§ The input
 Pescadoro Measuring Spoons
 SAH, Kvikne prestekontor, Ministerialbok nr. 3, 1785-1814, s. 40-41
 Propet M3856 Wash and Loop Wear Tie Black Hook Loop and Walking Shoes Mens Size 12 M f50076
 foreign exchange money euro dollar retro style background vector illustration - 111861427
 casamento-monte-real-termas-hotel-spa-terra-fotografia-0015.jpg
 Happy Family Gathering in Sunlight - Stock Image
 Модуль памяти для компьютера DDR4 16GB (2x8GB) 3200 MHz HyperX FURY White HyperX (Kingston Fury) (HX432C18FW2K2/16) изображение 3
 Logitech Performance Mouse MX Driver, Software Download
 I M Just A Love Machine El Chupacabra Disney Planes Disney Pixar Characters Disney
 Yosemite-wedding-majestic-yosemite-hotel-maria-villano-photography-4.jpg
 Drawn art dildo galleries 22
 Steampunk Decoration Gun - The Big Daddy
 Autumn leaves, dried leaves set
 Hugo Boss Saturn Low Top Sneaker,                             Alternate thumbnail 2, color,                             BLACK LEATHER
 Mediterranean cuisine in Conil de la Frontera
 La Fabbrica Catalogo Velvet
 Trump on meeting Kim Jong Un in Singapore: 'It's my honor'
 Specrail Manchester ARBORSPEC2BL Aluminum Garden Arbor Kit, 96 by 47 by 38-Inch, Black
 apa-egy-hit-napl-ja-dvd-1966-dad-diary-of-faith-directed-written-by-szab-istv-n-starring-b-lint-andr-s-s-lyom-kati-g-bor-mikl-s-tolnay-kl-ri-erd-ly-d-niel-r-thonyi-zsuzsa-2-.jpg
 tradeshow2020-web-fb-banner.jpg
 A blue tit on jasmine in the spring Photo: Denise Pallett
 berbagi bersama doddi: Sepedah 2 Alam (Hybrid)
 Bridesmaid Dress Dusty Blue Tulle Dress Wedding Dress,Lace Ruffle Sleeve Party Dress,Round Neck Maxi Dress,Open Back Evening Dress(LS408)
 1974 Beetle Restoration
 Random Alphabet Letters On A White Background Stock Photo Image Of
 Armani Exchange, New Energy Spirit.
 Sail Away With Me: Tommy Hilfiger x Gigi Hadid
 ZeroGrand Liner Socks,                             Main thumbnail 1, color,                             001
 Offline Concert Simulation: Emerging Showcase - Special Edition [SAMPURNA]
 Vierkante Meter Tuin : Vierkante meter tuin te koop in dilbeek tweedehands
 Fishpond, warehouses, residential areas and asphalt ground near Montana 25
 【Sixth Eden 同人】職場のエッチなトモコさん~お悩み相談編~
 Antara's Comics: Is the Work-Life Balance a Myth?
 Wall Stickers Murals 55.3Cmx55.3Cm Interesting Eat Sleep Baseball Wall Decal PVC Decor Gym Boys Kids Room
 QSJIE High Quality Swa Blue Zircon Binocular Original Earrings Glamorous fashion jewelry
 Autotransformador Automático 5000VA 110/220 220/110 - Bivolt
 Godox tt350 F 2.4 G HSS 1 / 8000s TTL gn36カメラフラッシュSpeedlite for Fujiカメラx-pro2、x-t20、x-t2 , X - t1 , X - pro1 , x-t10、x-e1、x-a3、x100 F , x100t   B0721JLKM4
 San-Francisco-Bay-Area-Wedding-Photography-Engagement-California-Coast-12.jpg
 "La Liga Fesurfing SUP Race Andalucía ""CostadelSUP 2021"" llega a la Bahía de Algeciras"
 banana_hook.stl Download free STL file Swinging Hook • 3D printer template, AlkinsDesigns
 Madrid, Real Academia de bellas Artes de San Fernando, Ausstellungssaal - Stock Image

§ What you have to do
Among the lines of the preceding listing, count those that contain the string "Download"; state the count and nothing further.

§ Solved exercise
2